I was surprised to see the TCE Summon Fey spell got reworked for the new PHB. I was very surprised to see they realized the Tricksy Fey needed the darkness buffed. I was even more surprised to see they did not understand why the darkness needed to be buffed. 🤦♂️
Magical darkness behaves exactly like normal darkness in 2014 5e and 2024 5e, unless other rules modify its behavior. By default, it doesn’t block line of sight, darkvision, magical light, or even non-magical light unless something specifically says it does, like in the darkness spell for instance.
It never actually specifies where the heavily obscured area is. But I think it makes more sense to interpret it as only the area in darkness is heavily obscured. After all, the area behind it depends on the observer, and there's nothing about that what's heavily obscured by darkness depends on where you're standing.
On the other hand, if this just makes everything in that area dark, but still lets light pass through it, you'd still be able to see silhouettes of anyone standing in it, which really doesn't seem like it's heavily obscuring them.

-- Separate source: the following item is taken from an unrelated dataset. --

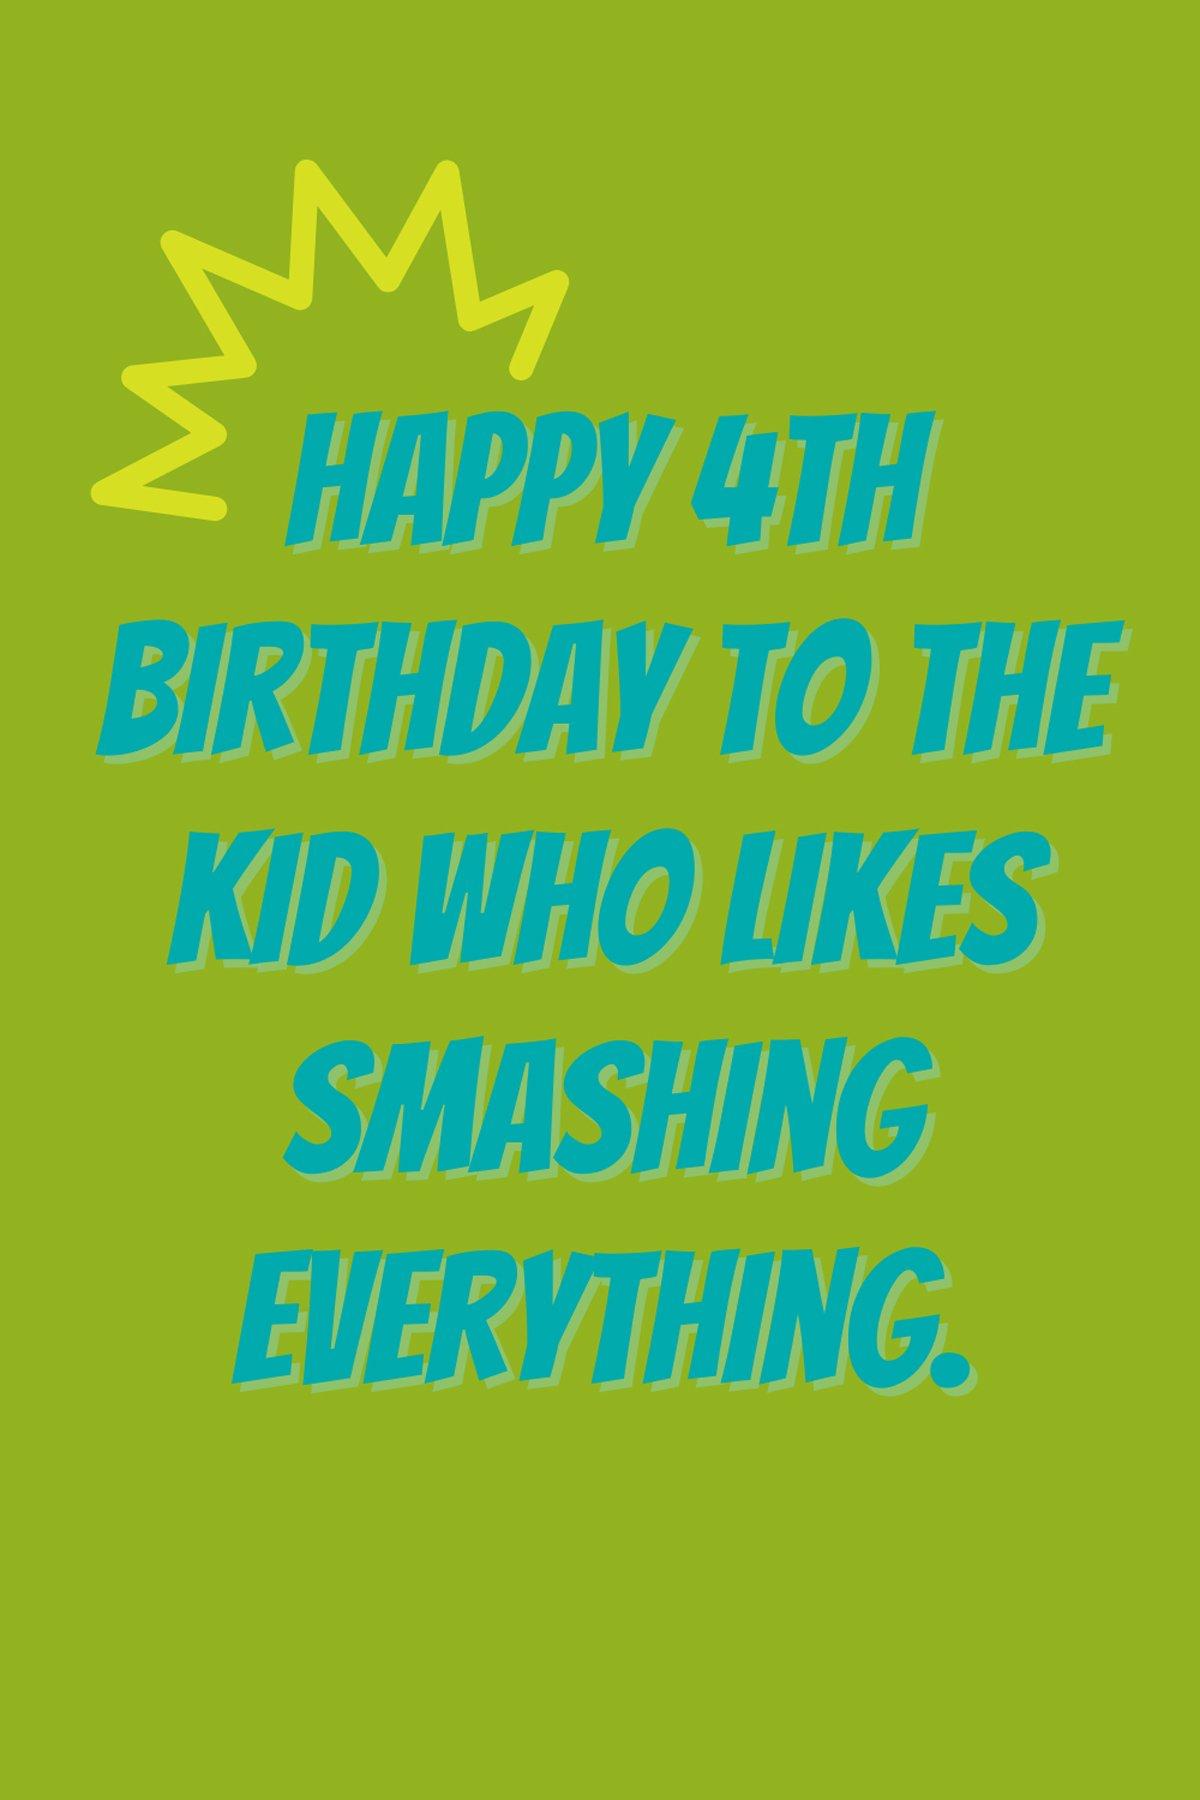 Happy 4th birthday my son quotes
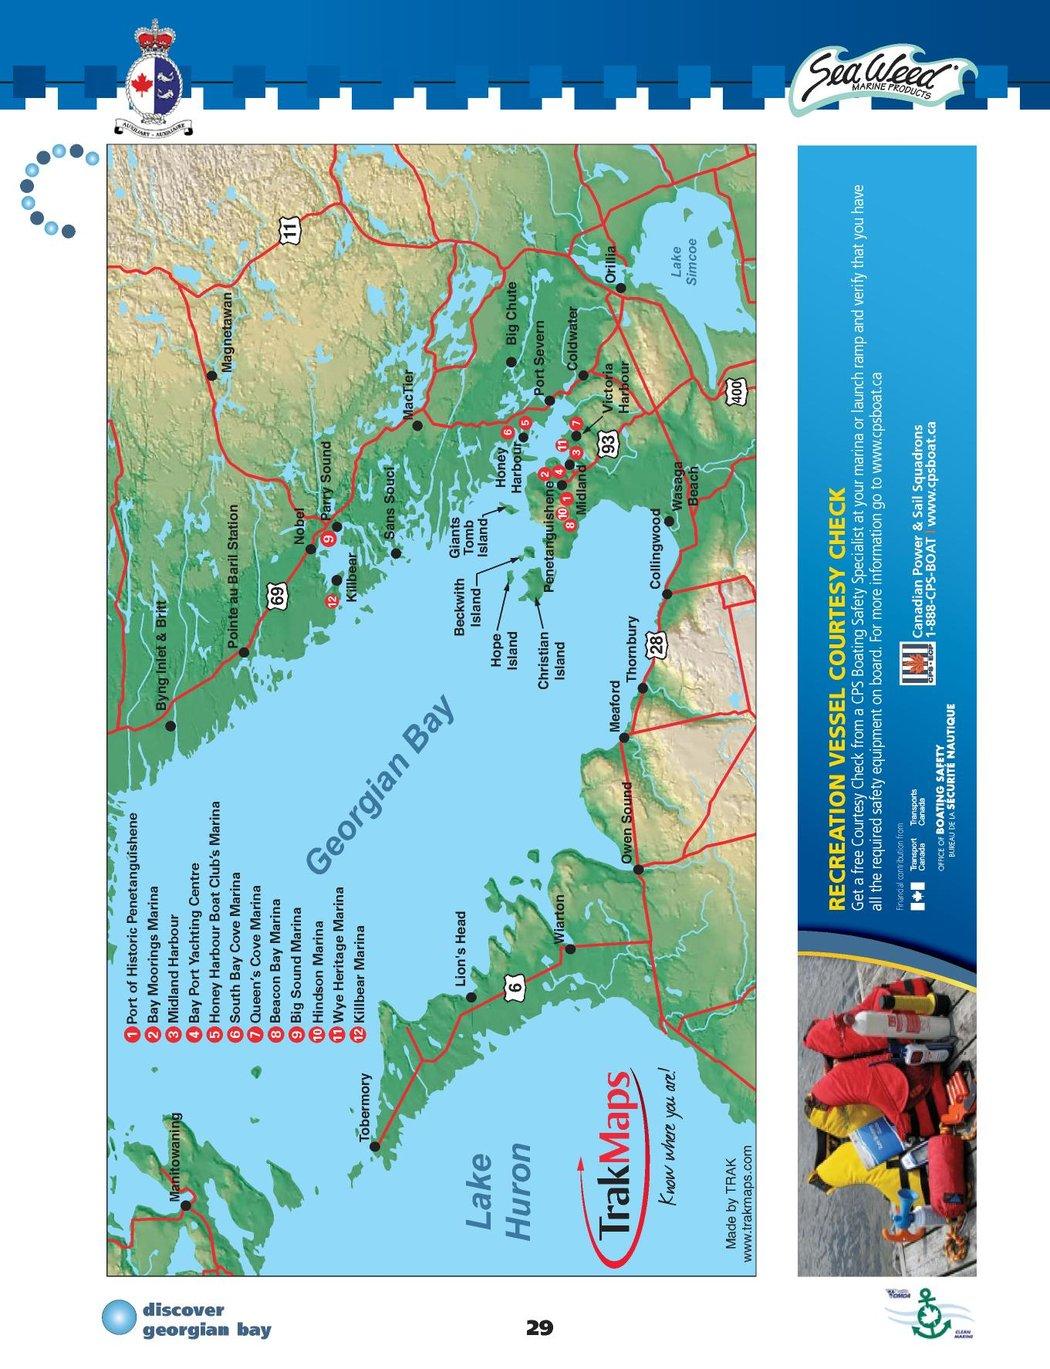 Georgian Bay - The North Channel & Manitoulin Island 2011 on nottawasaga bay, muskoka map, mobile bay map, bay of fundy map, honey harbour map, queen's university map, great lakes map, thunder bay district map, lake huron, lake michigan-huron, windsor map, montreal map, ontario map, wasaga beach map, waterton lakes national park map, georgian bay, ontario, ottawa river map, thunder bay, village at blue map, powassan map, french river, bruce peninsula map, bay of quinte map, quebec city map, lake nipissing, straits of mackinac, bay of islands map, st. john's map,

Wait does magical darkness not block anything like line of site?
Magical darkness behaves exactly like normal darkness in 2014 5e and 2024 5e, unless other rules modify its behavior. By default, it doesn’t block line of sight, darkvision, magical light, or even non-magical light unless something specifically says it does, like in the darkness spell for instance.
No reason it wouldn't block it, not sure what OP is on about
Glad it’s not just me then.
It never actually specifies where the heavily obscured area is. But I think it makes more sense to interpret it as only the area in darkness is heavily obscured. After all, the area behind it depends on the observer, and there's nothing about that what's heavily obscured by darkness depends on where you're standing.
On the other hand, if this just makes everything in that area dark, but still lets light pass through it, you'd still be able to see silhouettes of anyone standing in it, which really doesn't seem like it's heavily obscuring them.